第4話・目覚めの時

意識は有る。ただ、身体は動かない。

 眠りについているのだろうか。それとも、死んだのか。

 昔から、考えていたことがある。人は、死んだらどこに行くのだろうか。

 地獄か。

 そうは思わない。なぜなら、今生きているこの世こそが地獄じゃないか。自分が生きるために人を殺す。殺された人間が、復讐のために人を殺す。目の前にあるものを手に入れるために人を殺す。誰かを守るために人を殺す。罪の意識から人を殺す。特に理由もなく人を殺す。

 殺す。殺す。殺す。

 自分はそうしてきたし、誰かに殺されても文句はないだろう。それほどの首を斬り、死体を積み重ねてきた自覚はある。

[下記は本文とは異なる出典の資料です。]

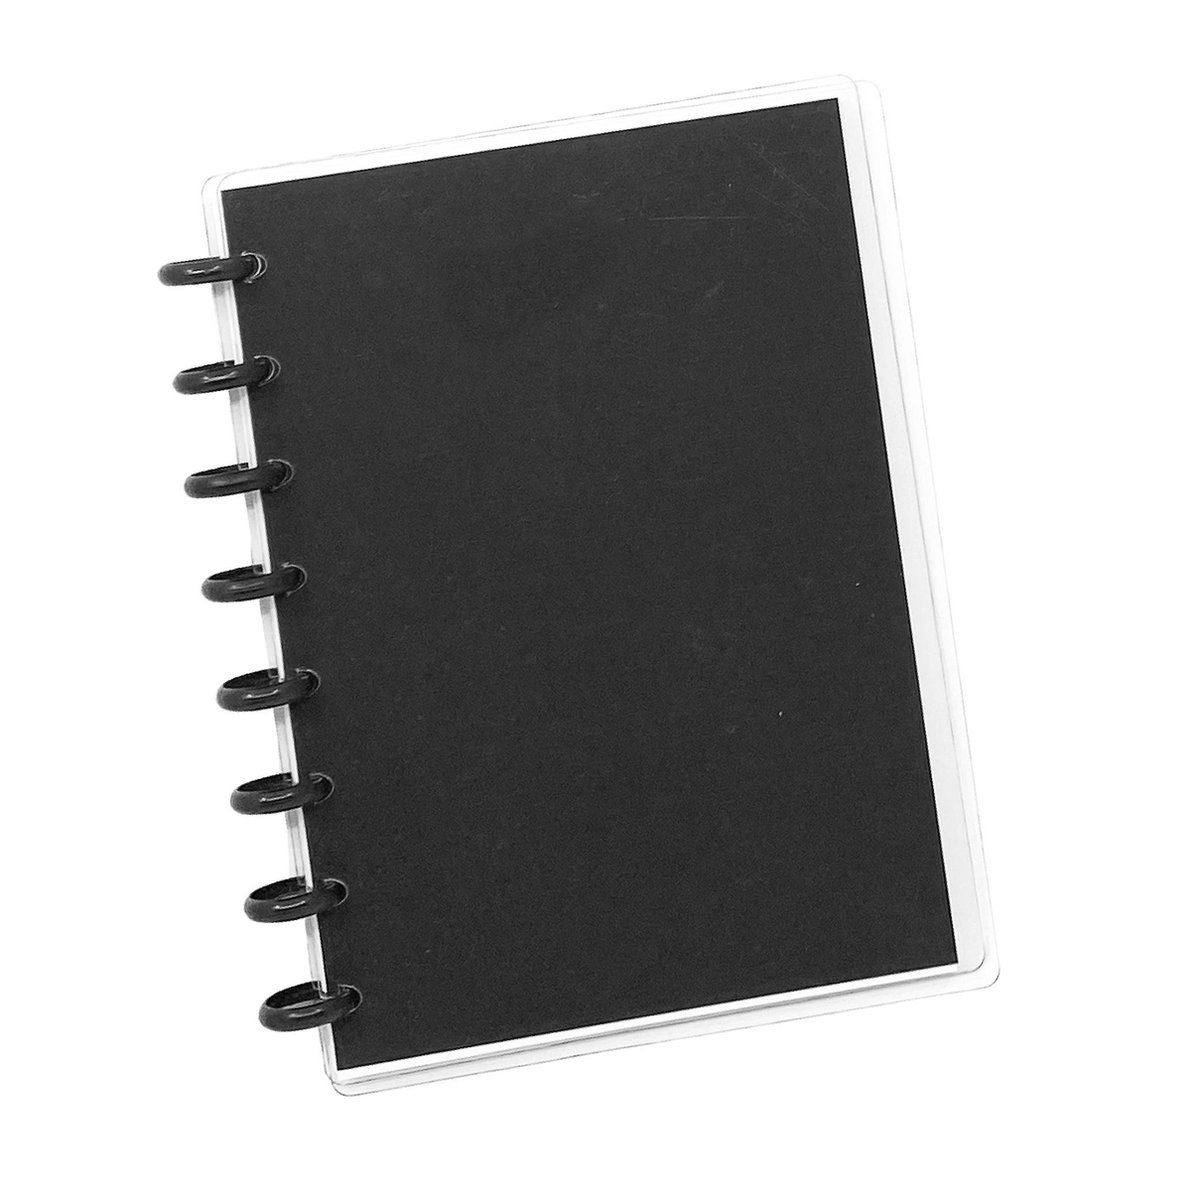 ZODY SHOP - Zody Journal Notitieboek Chrystal Clear - Zwart - Bullet Journal A5 - Modulair notitieboek, agenda, planner - 90 grams crème papier
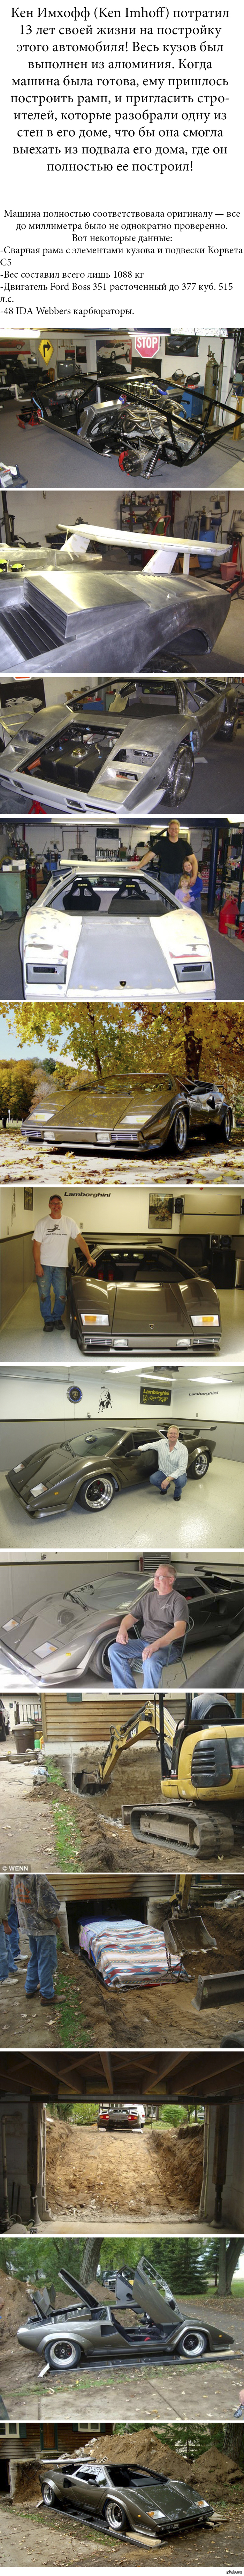      1980 Lamborghini Countach    Ebay  $77.600

 最初は怖かった。自分の手に残る、肉の感触。顔を濡らした返り血が、徐々に冷えて固まっていく心地悪さ。夜、眠りにつくと聞こえてくる、斬ってしまった相手の悲鳴。

 初めて人を斬ったときは、手を洗い続けた。洗っても洗っても、血の匂いが消えない気がした。洗いすぎて、自分の手から血が出ていることにも気が付かなかった。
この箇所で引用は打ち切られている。